Submitted to: Journal of Invertebrate Pathology
Publication Type: Peer Reviewed Journal
Publication Acceptance Date: 7/23/1999
Publication Date: N/A
Interpretive Summary: Several microsporidia cause significant mortality in fire ants in South America and are being evaluated as potential biological control agents of imported fire ants in the United States. Recently, a microsporidium has been found for the first time in red imported fire ants in the United States. Light-microscopic examination cannot differentiate this isolate from the isolates found in the South American ants. In this study, scientists at the Center for Medical, Agricultural and Veterinary Entomology in Gainesville, Florida compared ultrastructural and molecular characteristics of the isolates from the United States and South America to determine their taxonomic relationship. Spore ultrastructure and the 16S ribosomal gene sequence of the US isolate were determined and compared to those of the South American isolates. The results support light-microscopic evidence that the different isolates are very closely related and should be considered members of a species complex. This information is necessary for designing a biological control strategy of imported fire ants in the United States utilizing these important natural control agents.

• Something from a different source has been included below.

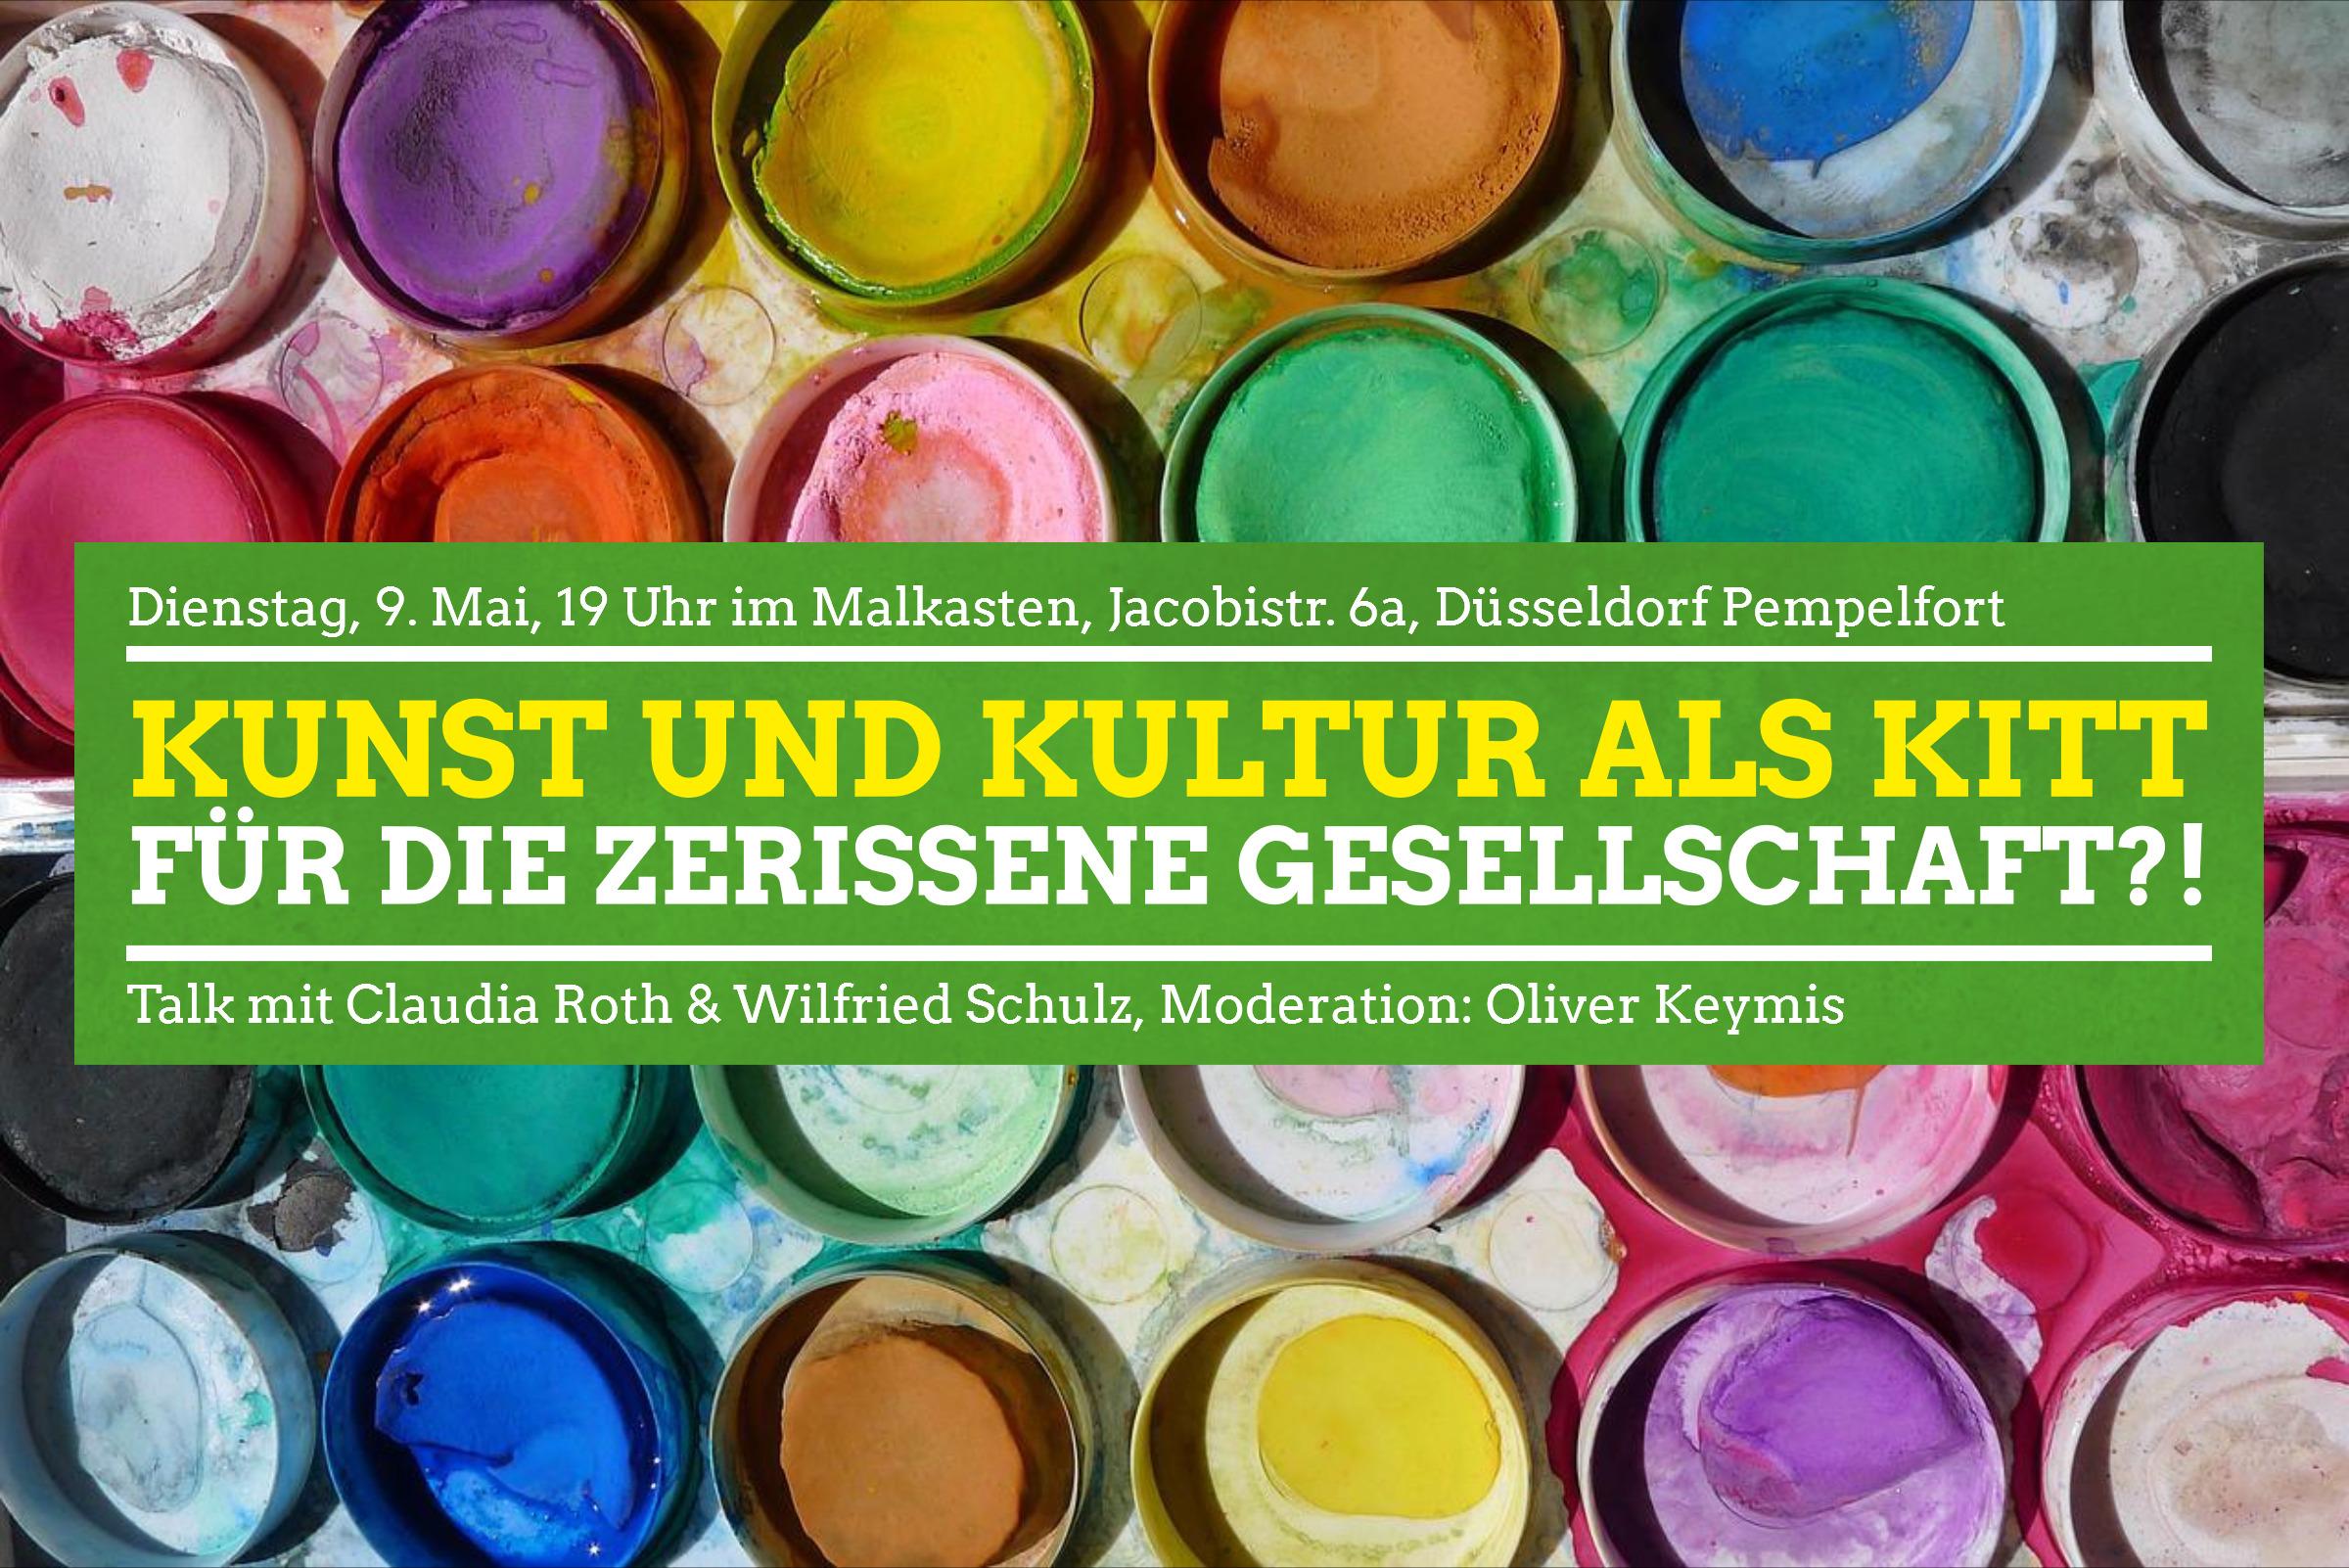 Kunst & Kultur als Kitt für die zerrissene Gesellschaft? Claudia Roth & Wilfried Schulz am 9. Mai

Technical Abstract: The Thelohania solenopsae complex is composed of species from 2 different fire ant hosts and 3 localities: T. solenopsae from the red imported fire ant Solenopsis invicta (type host)(Brazil), Thelohania sp. from the black imported fire ant S. richteri (Argentina), and Thelohania sp. from S. invicta (US). The sequence of the 16SrRNA gene of thelohania sp. (US) was determined and compared to those of T. solenopsae (Brazil) and Thelohania sp. (Argentina). The sequence of Thelohania sp. (Argentina)(98.9% sequence identity), supporting light-microscopic and ultrastructural evidence that Thelohania sp. (US) is closely related to the isolates form Brazilian and Argentinean fire ants. We propose - until additional information is available - to refer to the different isolates of the T. solenopsae complex as T. solenopsae (Brazil), T. solenopsae (Argentina) and T. Solenopsae (US). These fire ant microsporidia are the only hymenopteran microsporidia investigated extensively as potential biocontrol agents. A listing of all hymenopterous hosts for microsporidia is provided.